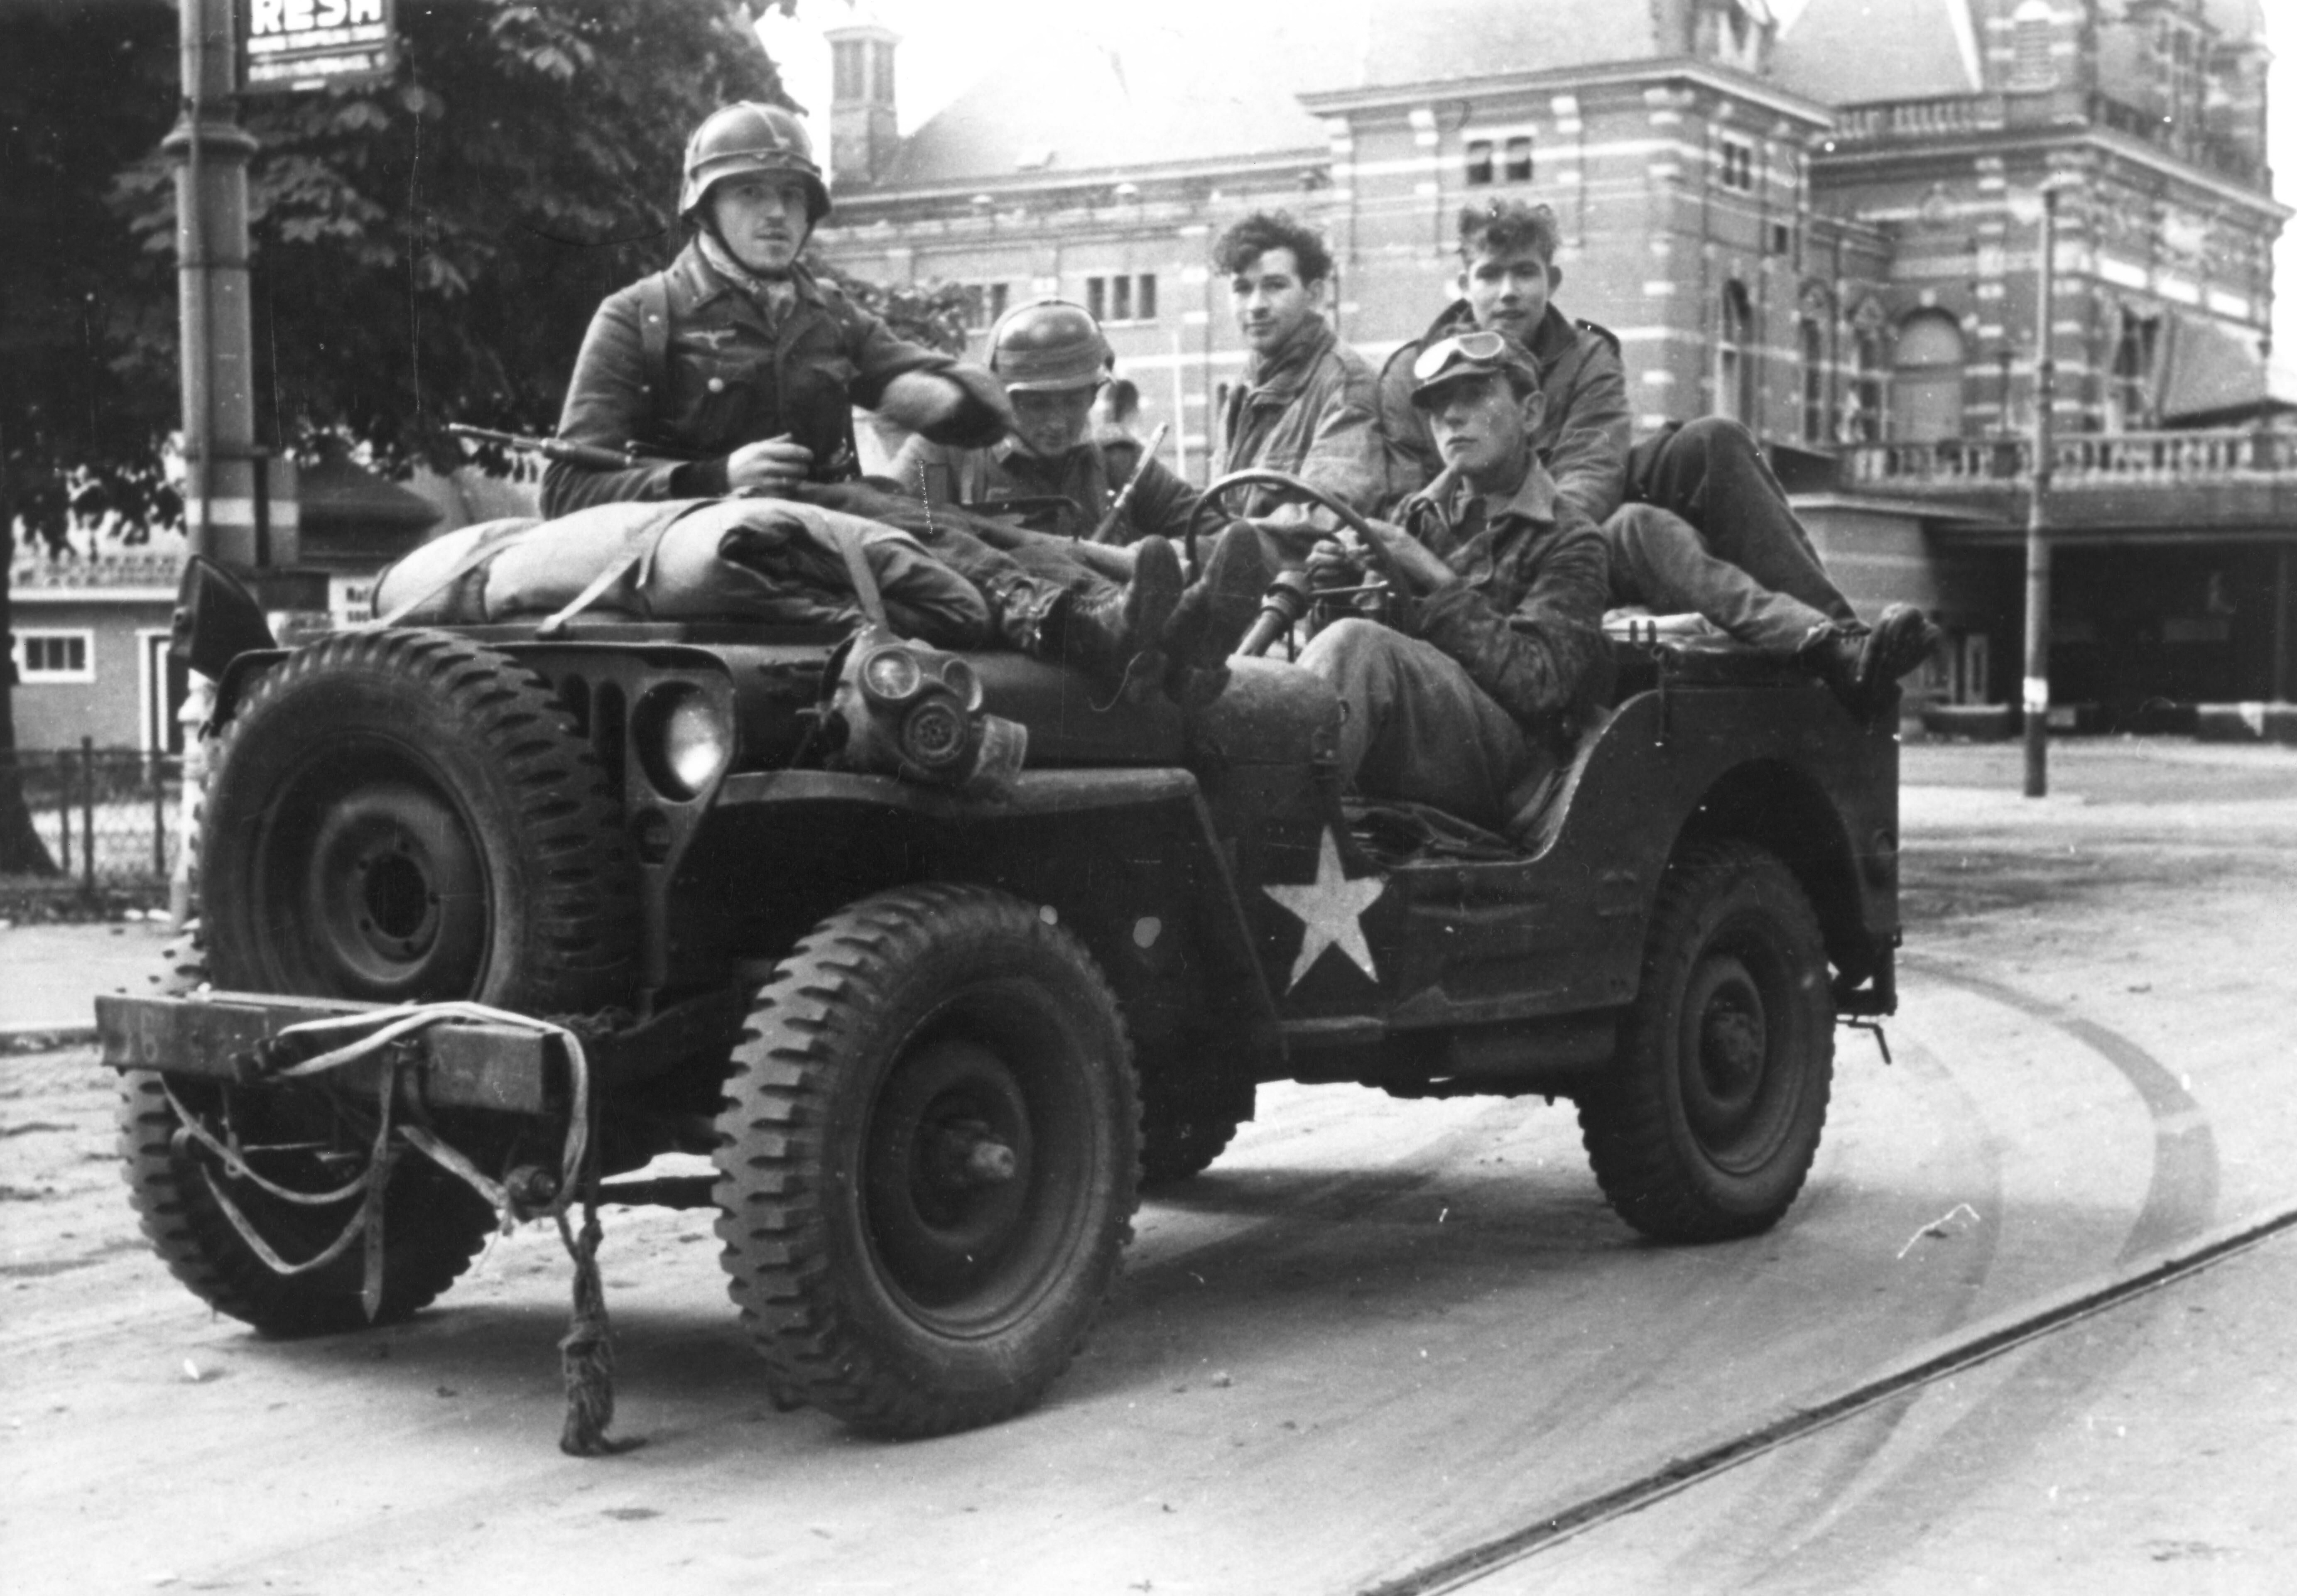 Duitse militairen in een buitgemaakte Amerikaanse jeep in Arnhem
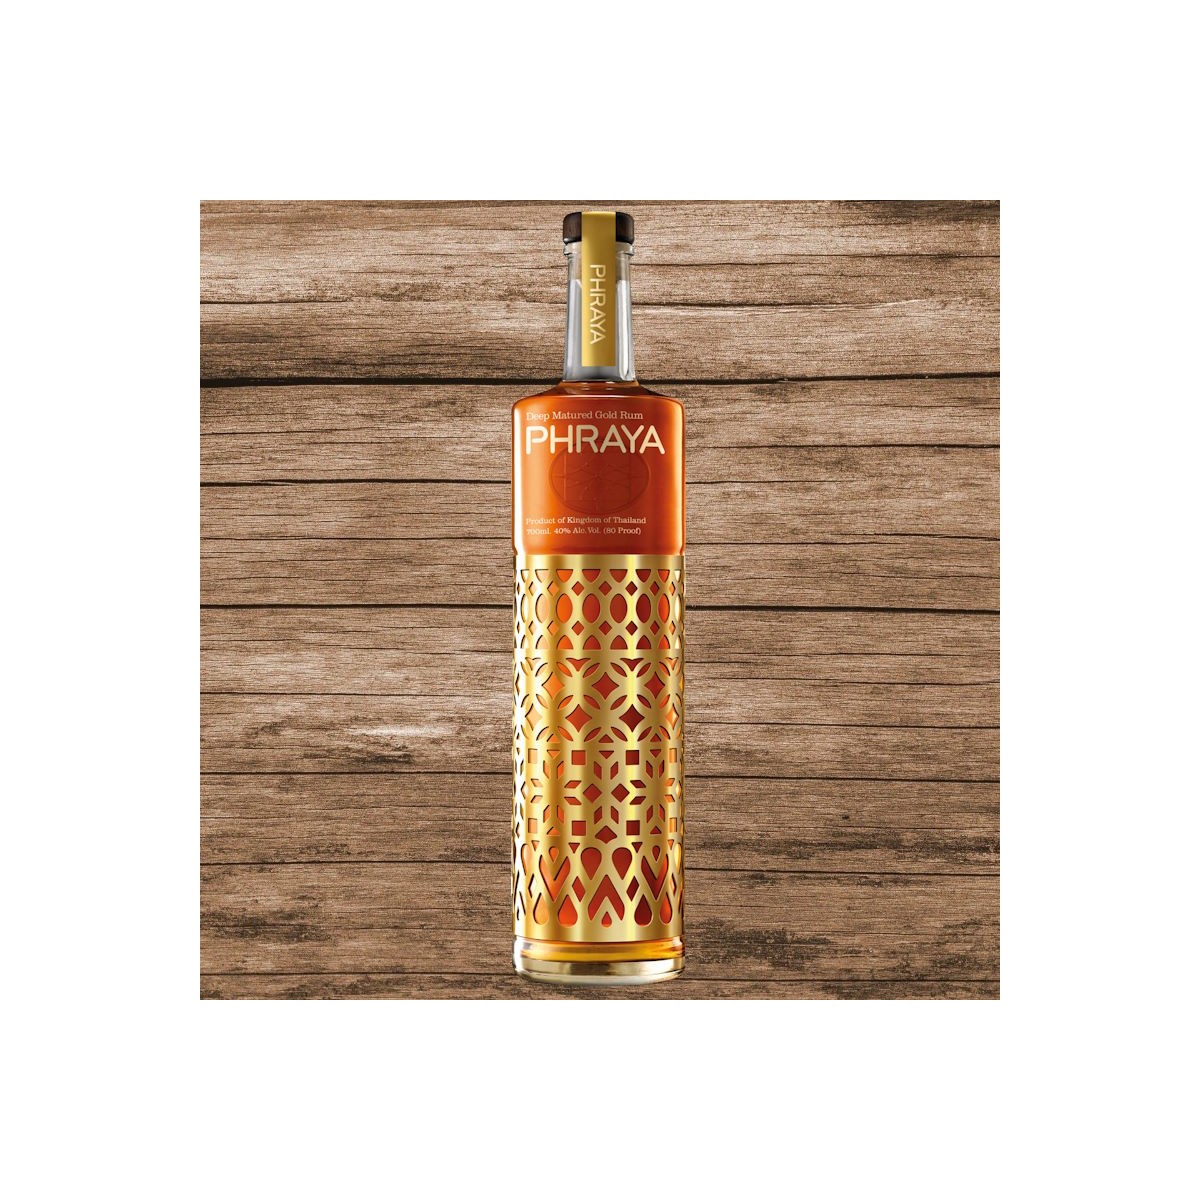 Phraya Deep Matured Gold Rum 40% 0,7L
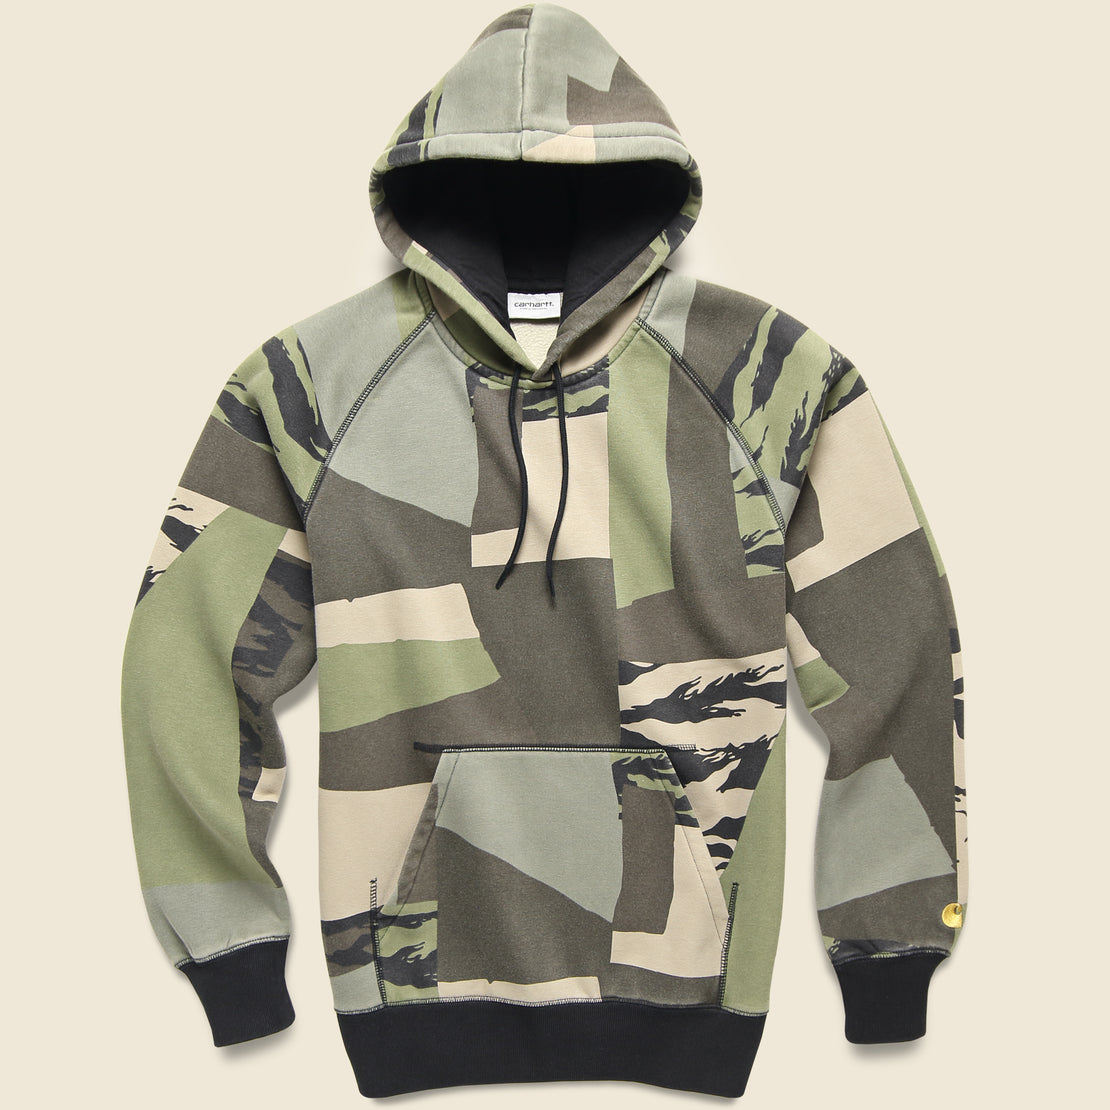 Hooded Chase Sweatshirt - Camo/Gold - Carhartt WIP - STAG Provisions - Tops - Fleece / Sweatshirt
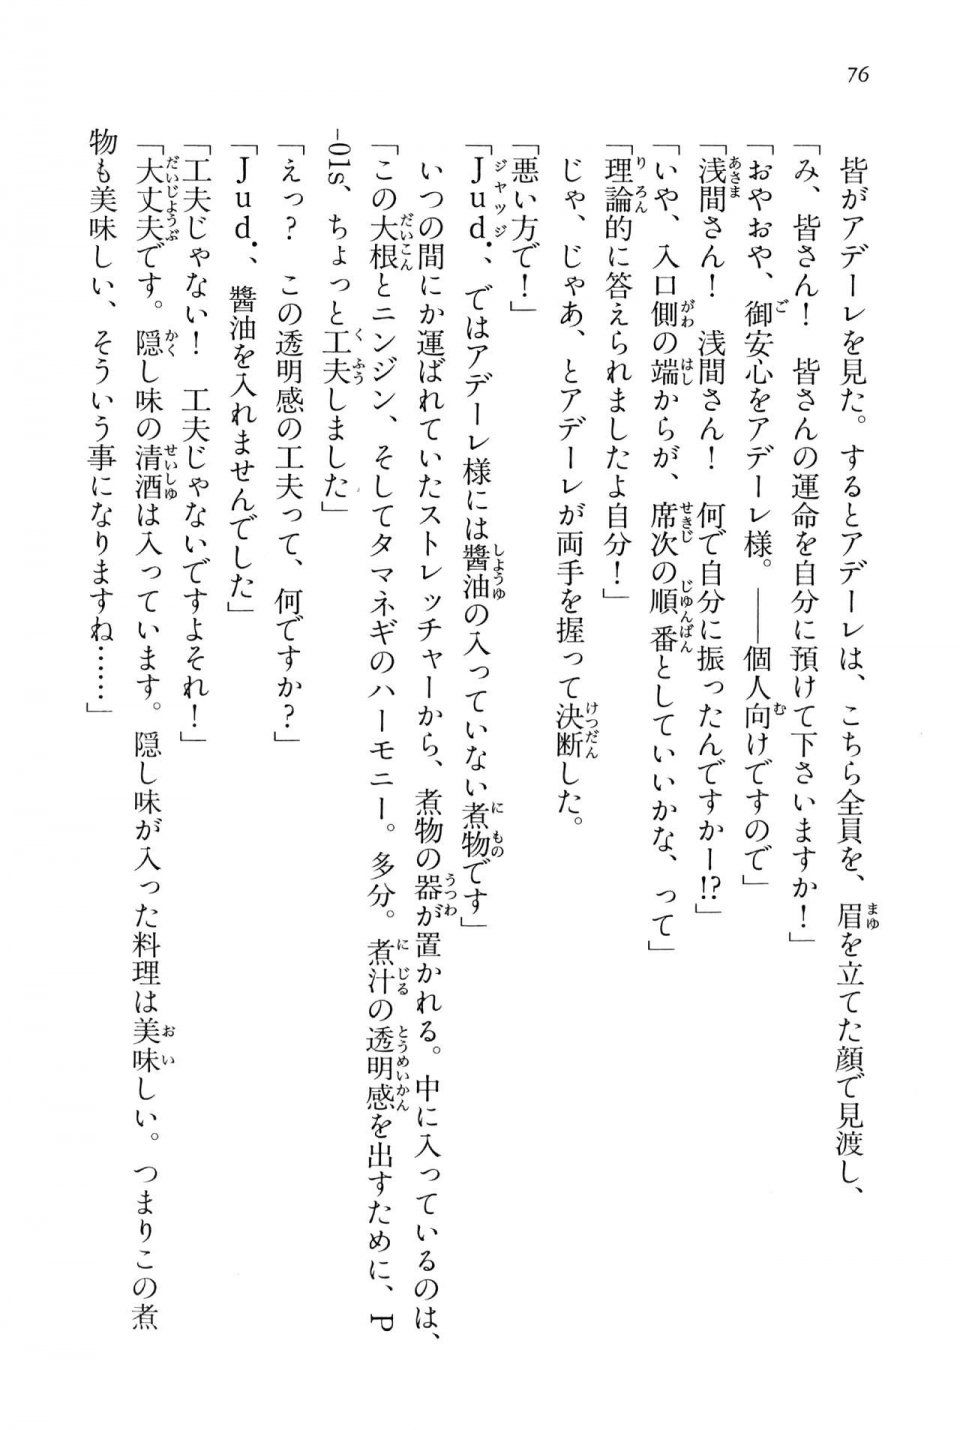 Kyoukai Senjou no Horizon BD Special Mininovel Vol 4(2B) - Photo #80
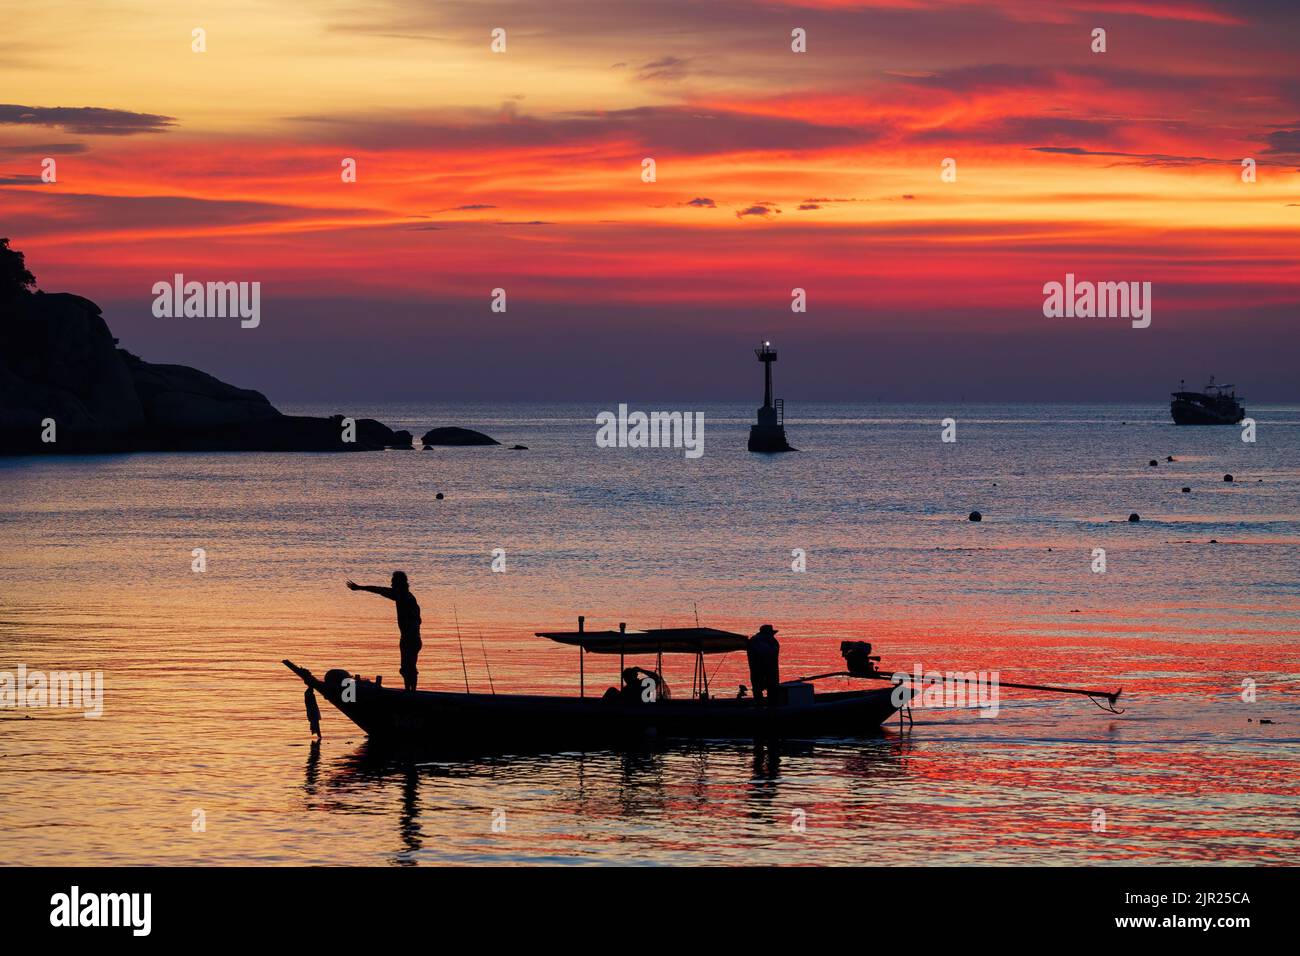 Colorful twilight scenery over the sea in Kho Tao island, Thailand Stock Photo

────────────────────

A picture must not appear in the copy. Transcribe exactly the lines from the one with "Phraya Deep Matured Gold Rum 40% 0,7L" through the final line of the entries, both included, and no more.

 Phraya Deep Matured Gold Rum 40% 0,7L
 Hooded Chase Sweatshirt - Camo/Gold - Carhartt WIP - STAG Provisions - Tops - Fleece / Sweatshirt
 Kyoukai Senjou no Horizon BD Special Mininovel Vol 4(2B) - Photo #80
 Colorful twilight scenery over the sea in Kho Tao island, Thailand Stock Photo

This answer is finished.